The individual weight determined by estimated data error used in robust statistics could improve the estimate. However, this idea led to the availability of a lot of „influence“ functions valid under some specific assumptions about data models and not working elsewhere. Robustness with respect to outliers improved, but other non-robustness arose by dependence on the subjective assumptions on data nature.

But there also was a fundamental problem: a non-linear data weighing was equivalent to introducing a Riemannian metric instead of the Euclidean one, which lies in the fundament of statistics. But according to B. Riemann, determination of metric of a real curved space should not be a task for mathematicians: „Metrics are given objectively by laws of Nature“. This idea was confirmed e.g. by Minkowskian metric of the special relativistic theory determined by the limited speed of light as well as by metric of the cosmos determined by gravitation fields in Einstein’s gravitation theory.

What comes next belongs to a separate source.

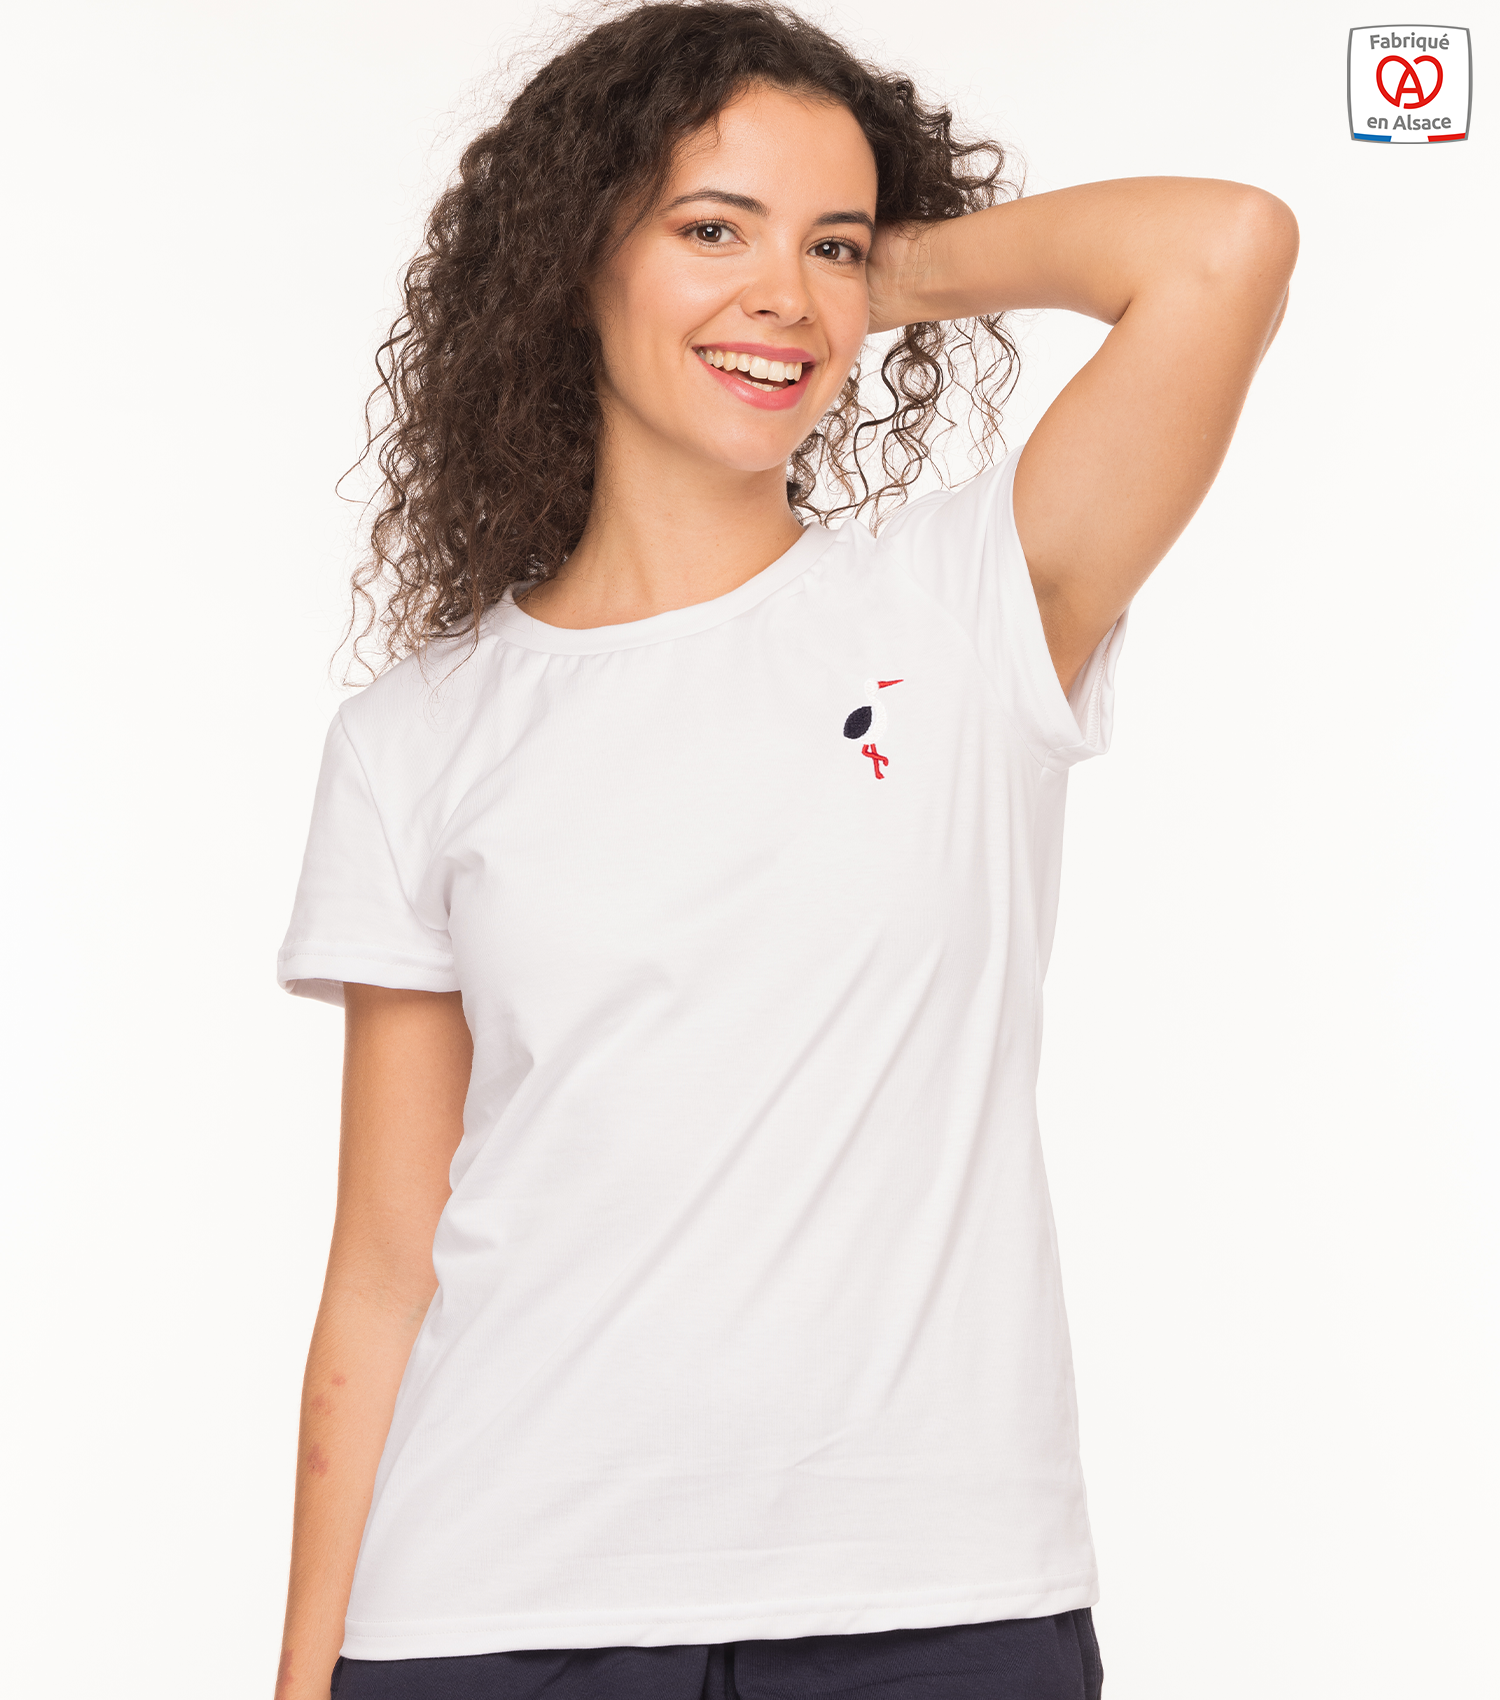 theim-t-shirt-femme-blanc-cigogne-made-in-alsace-1500x1700px

Another problem of the statistical approach was the reliance of many proofs of statistical statements on the Central Limit Theorem, the validity of which is limited to „large“ randomly selected data samples having a distribution with the mean and standard deviation. But many applications do not support such a data model. It was obvious, that a Law of Nature more universally applicable even to individual uncertain data and to small data sample should be found to justify the measuring and composition of uncertain data.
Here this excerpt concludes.